• [What is needed]: After locating the line with "Disney - Tron" in the entries below, output it and each following line up to and including the line with "Wikioo.org - The", exactly and without pictures.

• [Data to examine]:
BEGIN
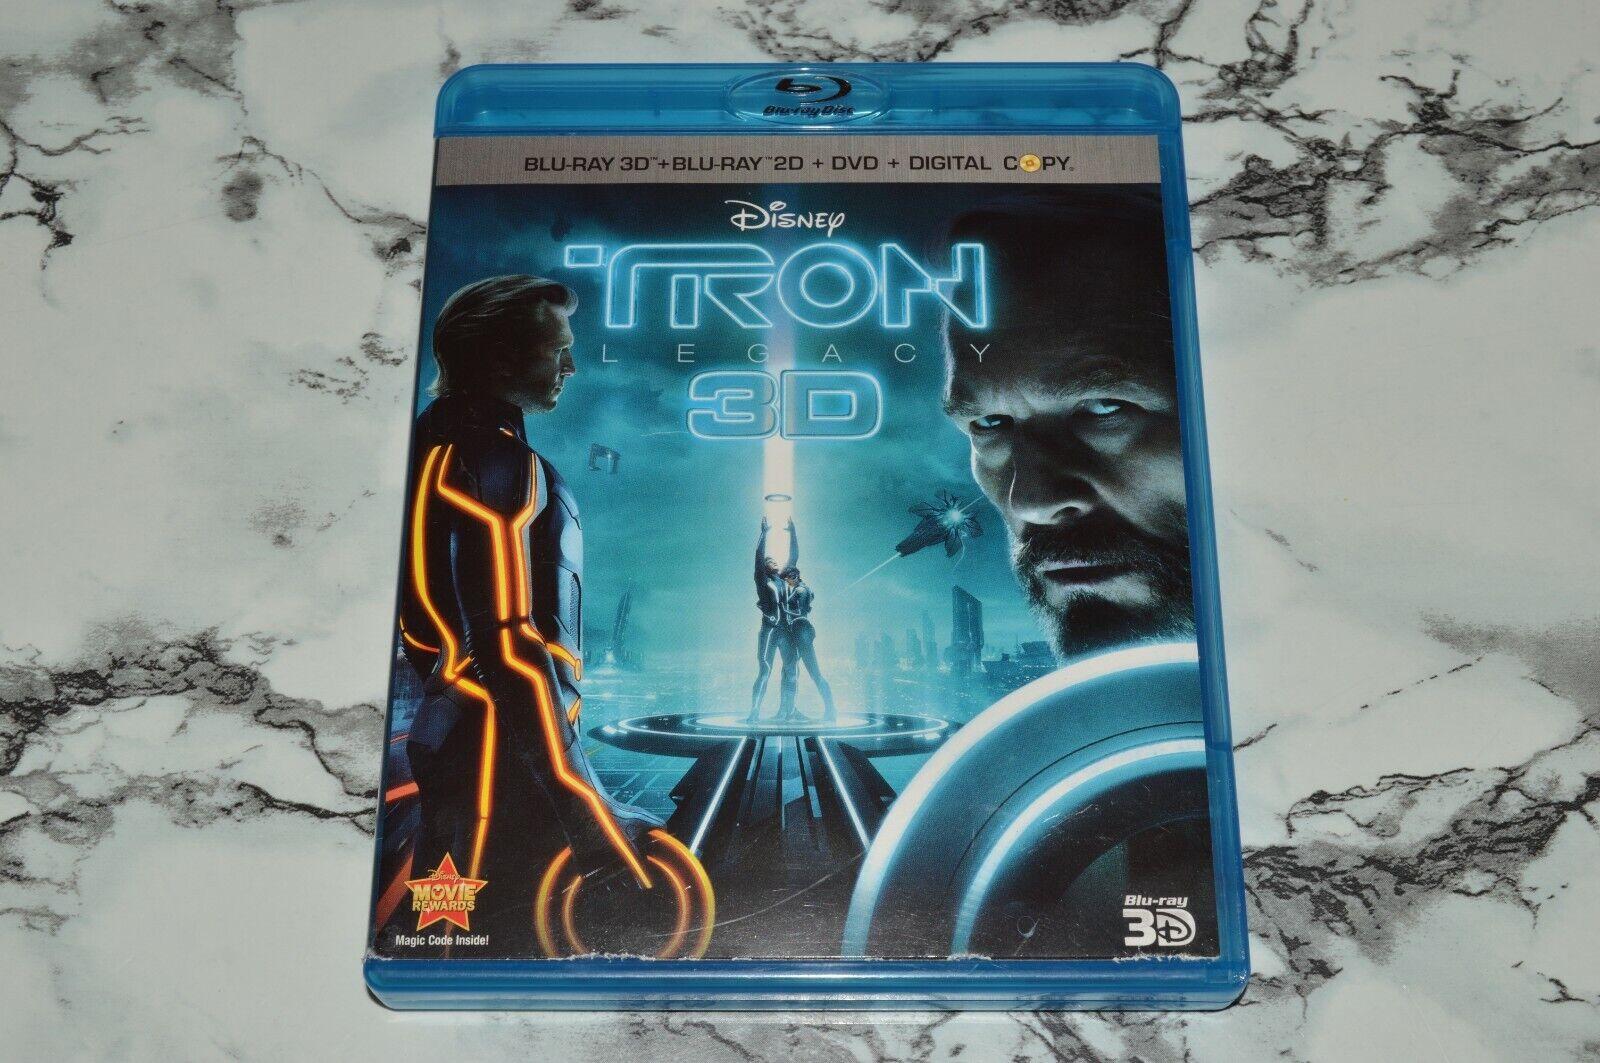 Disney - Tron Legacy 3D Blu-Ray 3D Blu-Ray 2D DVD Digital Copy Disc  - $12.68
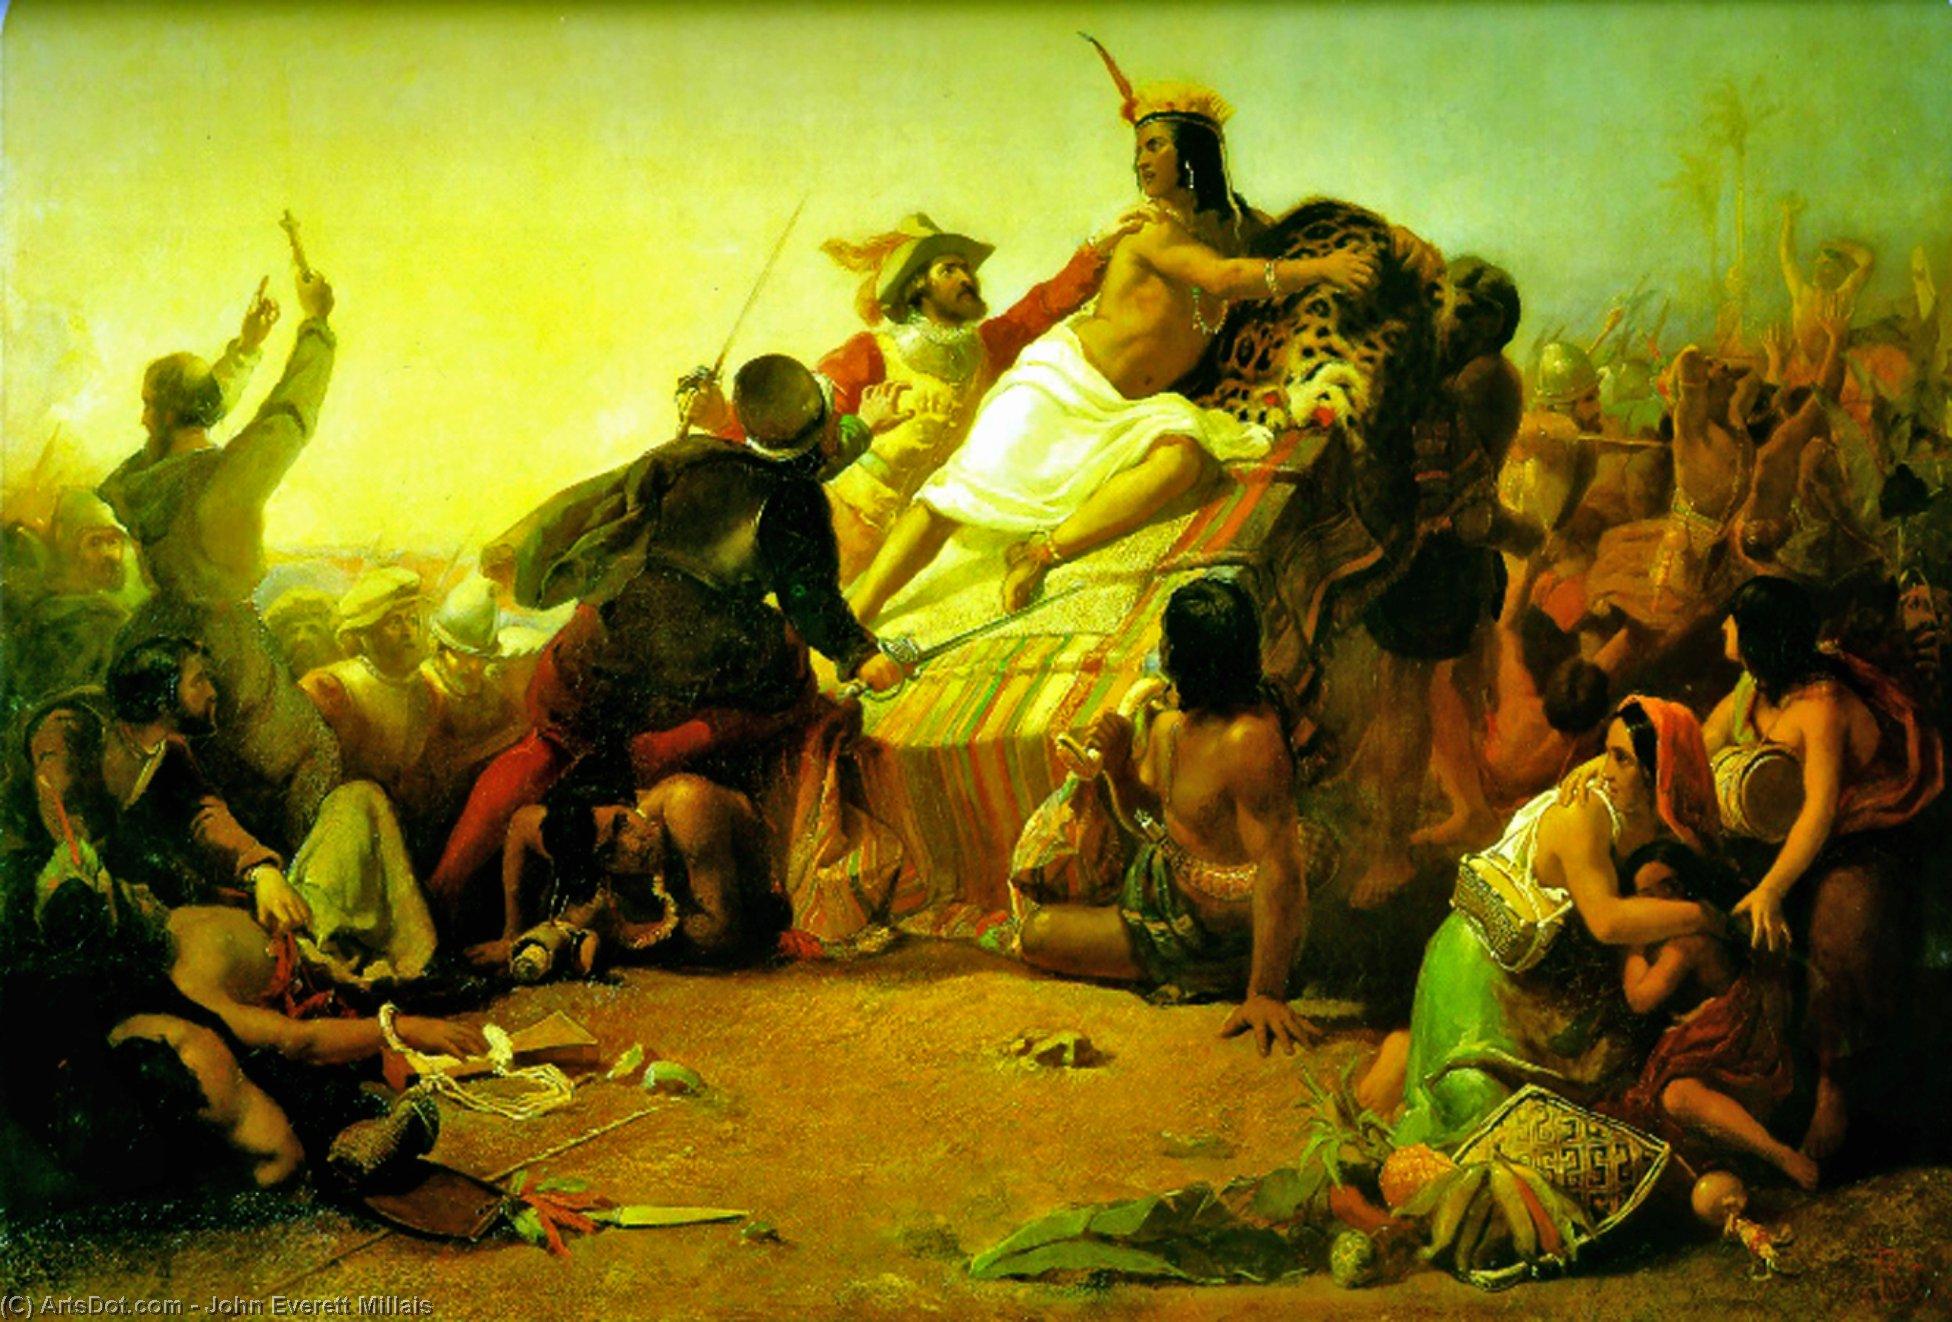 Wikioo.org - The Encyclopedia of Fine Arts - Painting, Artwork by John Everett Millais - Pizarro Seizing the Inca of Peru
END
BEGIN
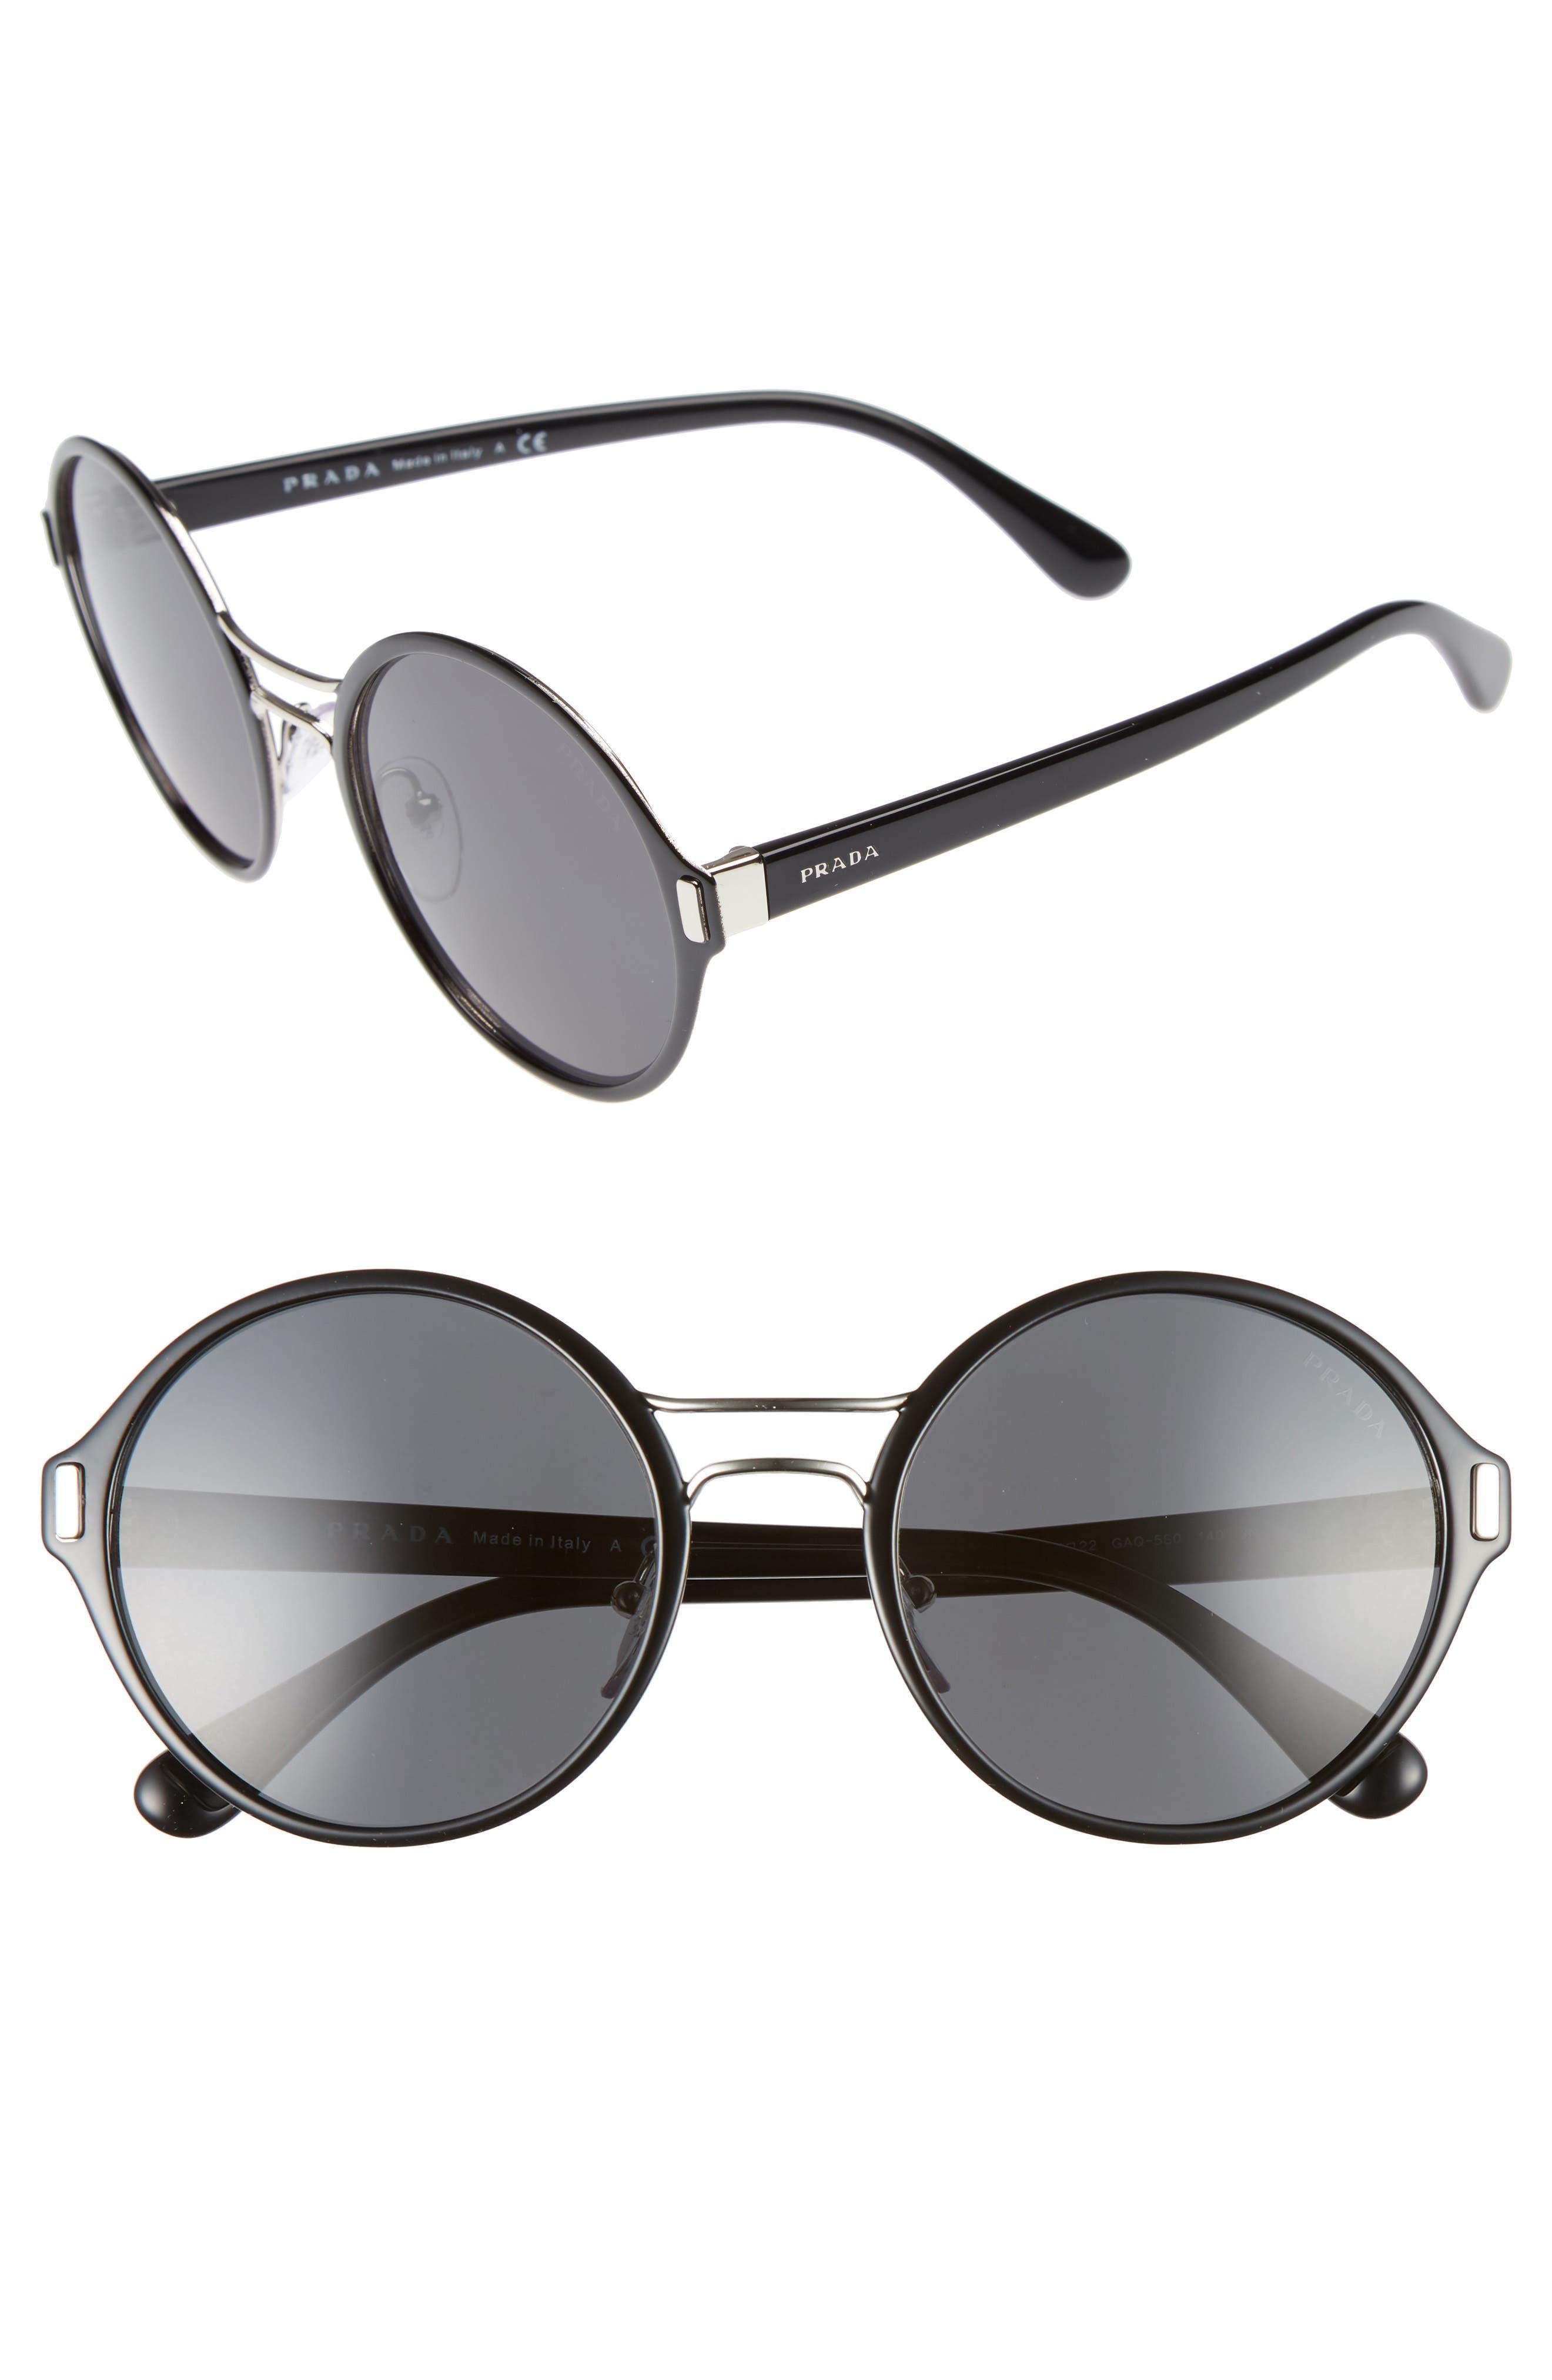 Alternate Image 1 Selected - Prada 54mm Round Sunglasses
END
• [Exercise answer]:
 Disney - Tron Legacy 3D Blu-Ray 3D Blu-Ray 2D DVD Digital Copy Disc  - $12.68
 Wikioo.org - The Encyclopedia of Fine Arts - Painting, Artwork by John Everett Millais - Pizarro Seizing the Inca of Peru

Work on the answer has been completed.